- Born: November 12, 1908 Baltimore, Maryland, U.S.
- Died: June 11, 2009 (aged 100) Santa Barbara, California, U.S.
- Scientific career
- Fields: Developmental psychology
- Workplaces: University of Arizona

= Sidney W. Bijou =

American developmental psychologist

Sidney William Bijou (November 12, 1908 - June 11, 2009) was an American developmental psychologist who developed an approach of treating childhood disorders using behavioral therapy, in which positive actions were rewarded and negative behaviors were largely ignored, rather than punished.

==Early life==
Bijou was born on November 12, 1908, in the Arlington neighborhood of Baltimore, Maryland. He moved to Brooklyn in New York City with his family when he was 10 years old.
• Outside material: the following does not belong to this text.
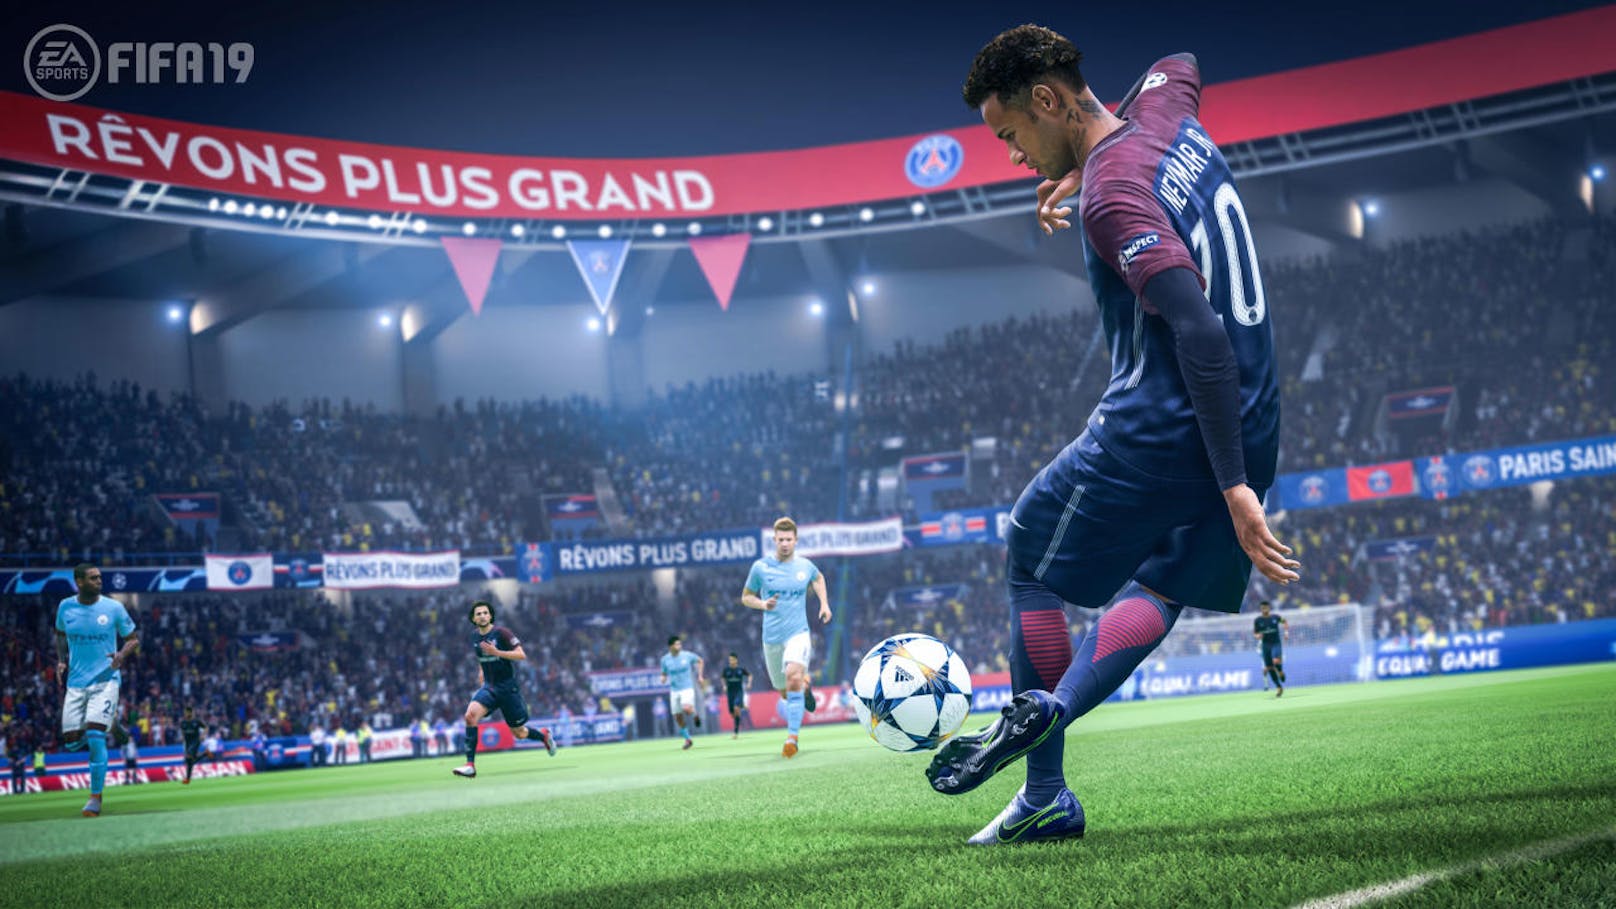 EA Sports und FIFA 19 haben heuer wieder einen größeren Sprung in der Entwicklung gemacht. Dadurch setzt sich der Trend fort, dass die Titel in den ungeraden Jahren mehr Innovation versprechen.

He earned a degree in business administration at the University of Florida in 1933. He was awarded a master's degree in psychology at Columbia University in 1937 and earned his Ph.D. in the field at the University of Iowa in 1941. Together with Joseph Jastak, he developed the Wide Range Achievement Test, a comprehensive assessment of an individual's ability in reading, comprehension, spelling, and mathematics. During World War II, he served in the U.S. Army Air Forces.

==Career in psychology==
He was hired by Indiana University in 1946, where he spent two years under pioneering behaviorist B. F. Skinner. While other child psychologists had focused on the use of techniques such as play therapy to identify the motives and causes of problematic behavior, Bijou used Skinner's behavioral techniques to encourage positive behaviors through such rewards as praise, hugs and pieces of candy. Children who were defiant would be given a time-out and separated from a group activity, with the expectation that the bad behavior would be its own punishment, and that any additional sanctions would not have a positive effect. A child isolated from a group would strive to behave appropriately in order to have the opportunity to rejoin the group.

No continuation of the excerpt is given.